They are all cool, in so many different ways. The best thing about drabble challenges is the range of responses to a single topic.(And how weird is it that I'd already written something with so much stomach in it?)
'Him'
The Great Write Way
A place for Buffistas to discuss, beta and otherwise deal and dish on their non-fan fiction projects.
Scars
"Show me."
He looks at me, brown eyes guarded in a too-thin face. The marks of long illness are visible, if you know what you're looking for.
"Please?"
"Why do you want to see them?" His trusts me, and with damned good reason. I've never seen him naked, but I want to, I want to.
Impatient, I reach out and open his shirt. The scars are blue, crisscrossing his abdomen; two kidney operations, a heart surgery.
I kneel, touching my tongue to his scars. He touches the top of my head, as I kiss his belly, his scars, his survival.
(and yes, autobiographical)
Geez, deb. You're makin' me cry.
This?
his scars, his survival
Is exactly how I view my huge neck scar. And why I dig it.
It really took some doing, to make him understand that I thought his scars were beautiful.
I've written that into scenes myself, before.
Does it ever stop feeling like fic? Cause now, I'm not straight-up ficcing as such, but it feels like I'm ficcing different people now. Lehane, David Simon, Sue Grafton, well, it still feels like doing impressions.Maybe I have to keep it that way to avoid that "What if I clutch and my dreams crash and burn?" thing.

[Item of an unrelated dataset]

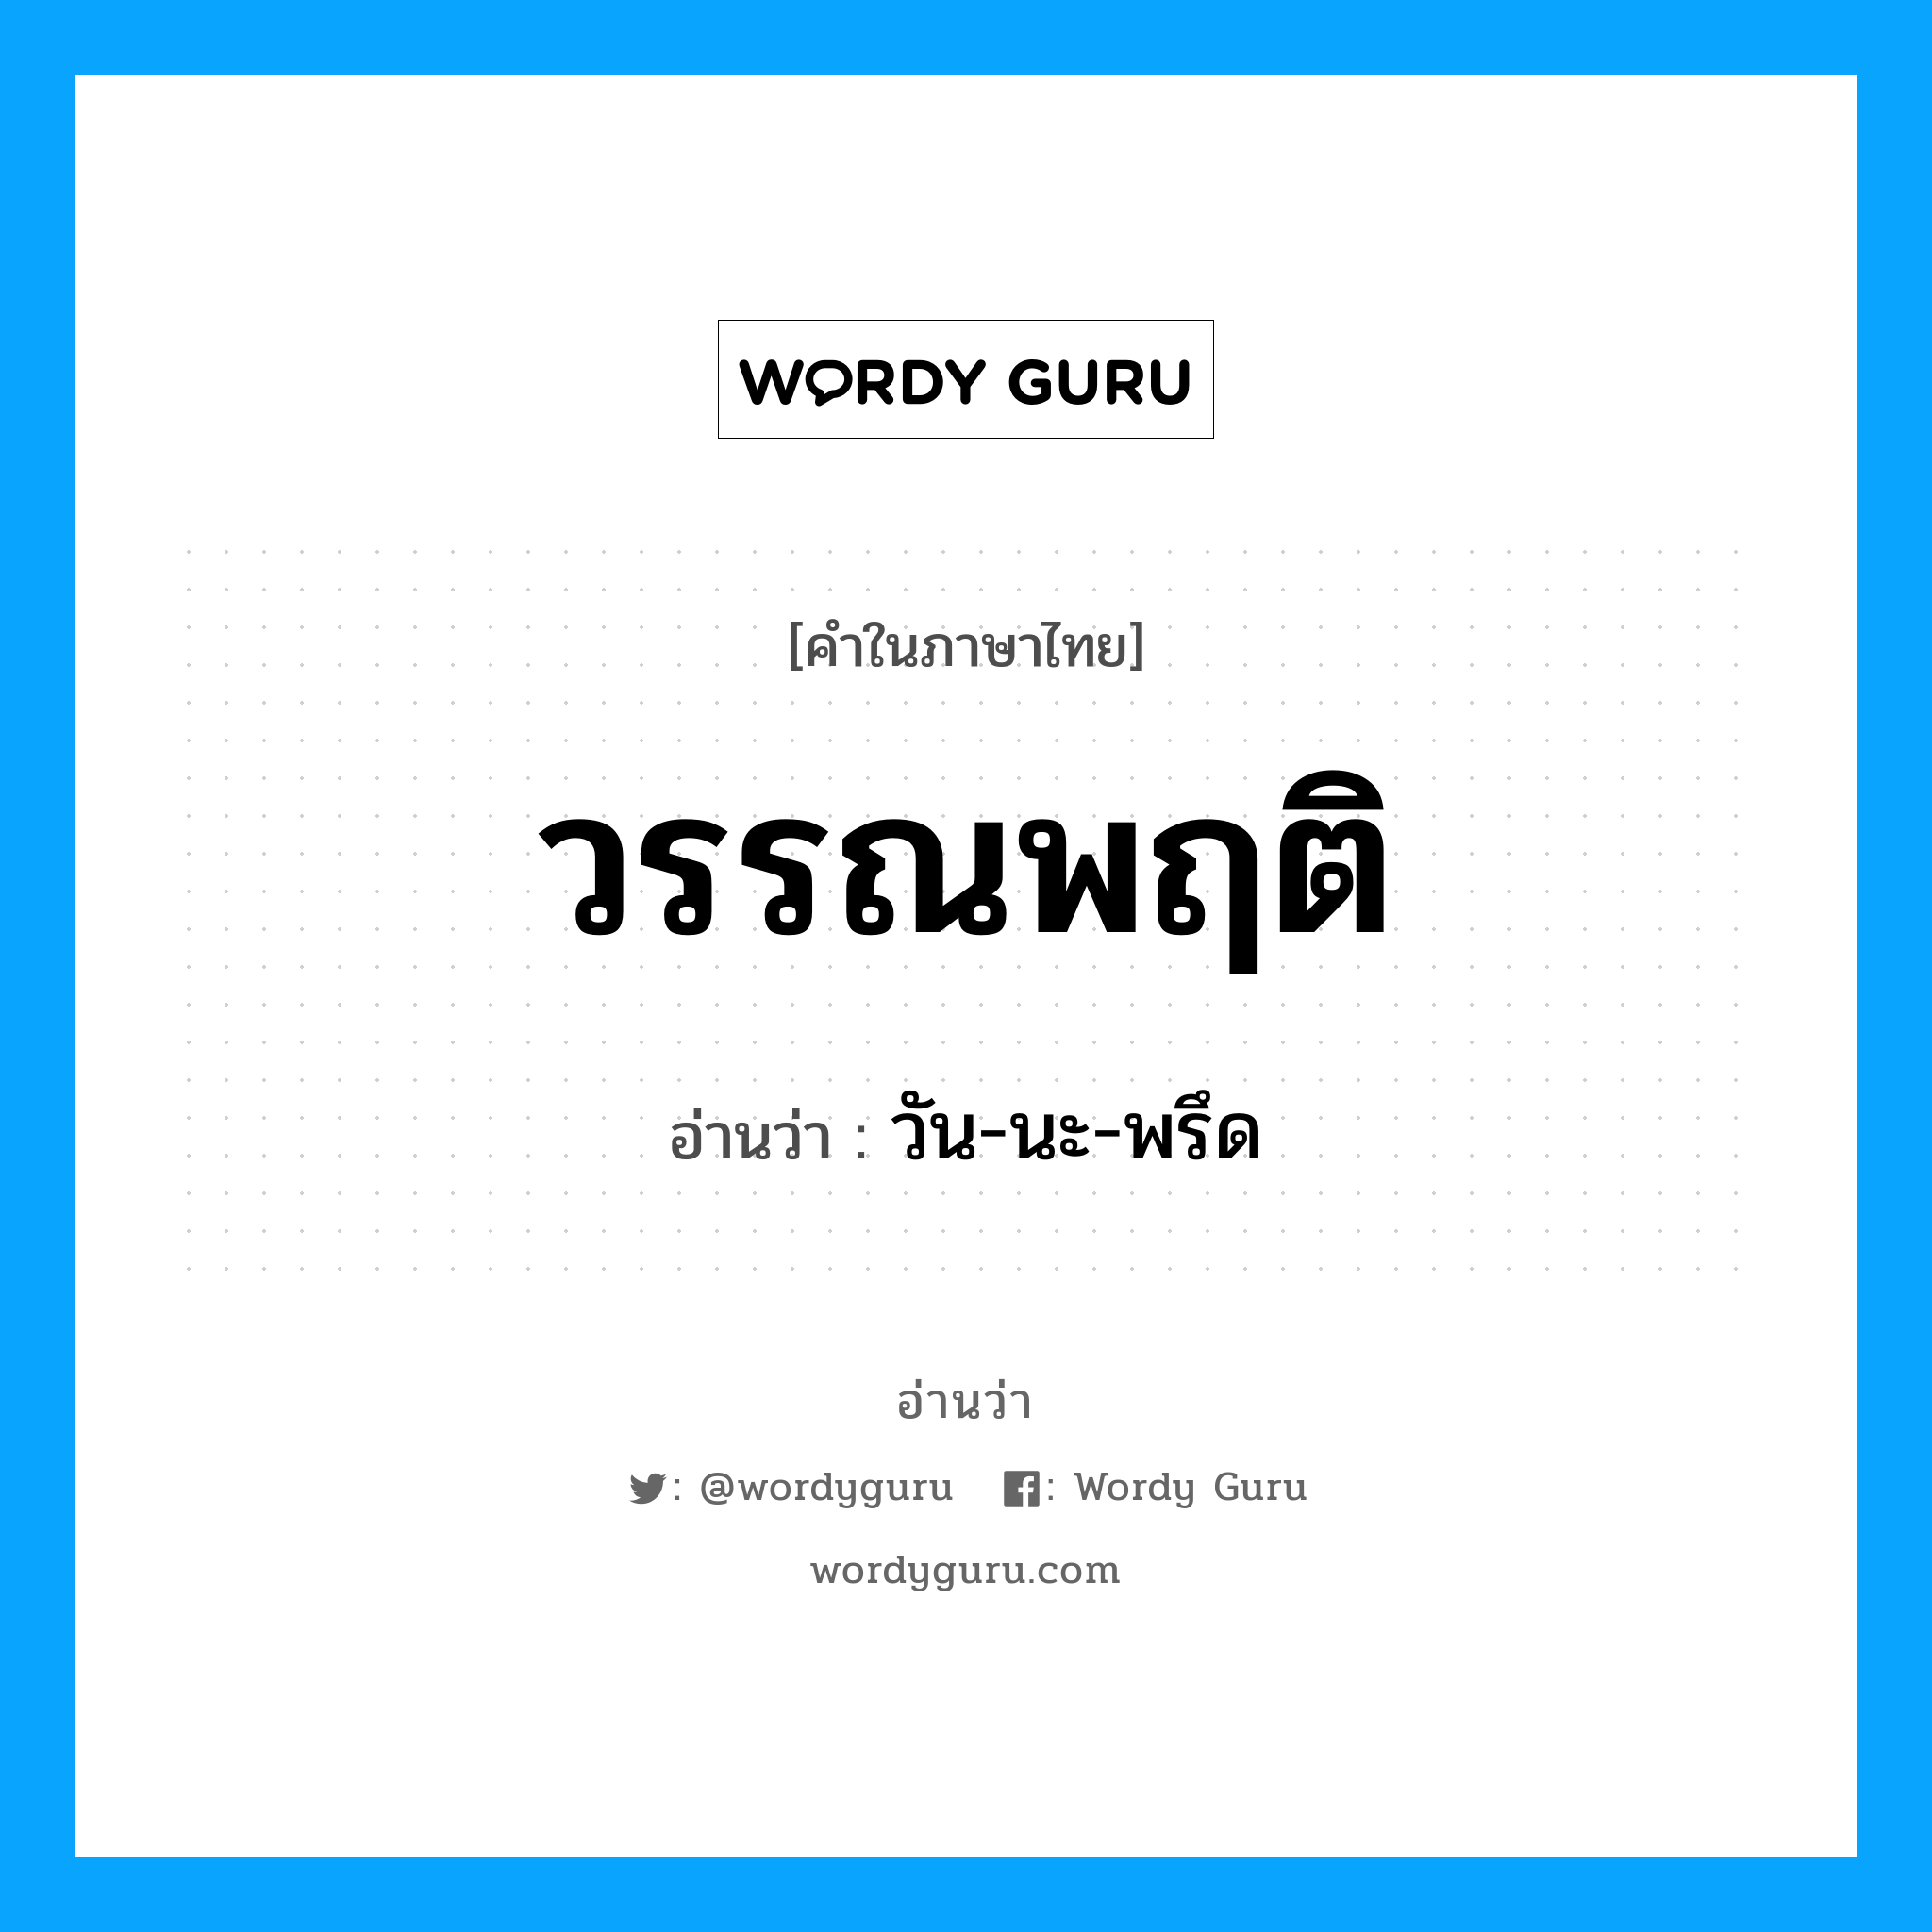 วัน-นะ-พรึด เป็นคำอ่านของคำไหน?, คำในภาษาไทย วัน-นะ-พรึด อ่านว่า วรรณพฤติ

Yup, "desserts" was wordplay. Words are fun to play with.
And everyone's doing great stuff.
I pace the hallways, back and forth, my dress shoes scuffing the tiled school floor. Rehearse the words I know so well, the phrases I wrote to interest, to impress.
The student before me leaves the room, relieved to be done but annoyed at his gaffs.
A sneak peek in the window, to look at the judges, judging my predecessor as they will judge me.
I shiver. I moan. I wait.
The door opens, "We're ready when you are," and the butterfies in my stomach threaten to escape out my mouth as I smile, shake hands, and prepare to speak.
I just got my first form rejection letter (from an agent). It hurts a lot more than the personalized kind.
Aww, Susan. Sorry to hear it.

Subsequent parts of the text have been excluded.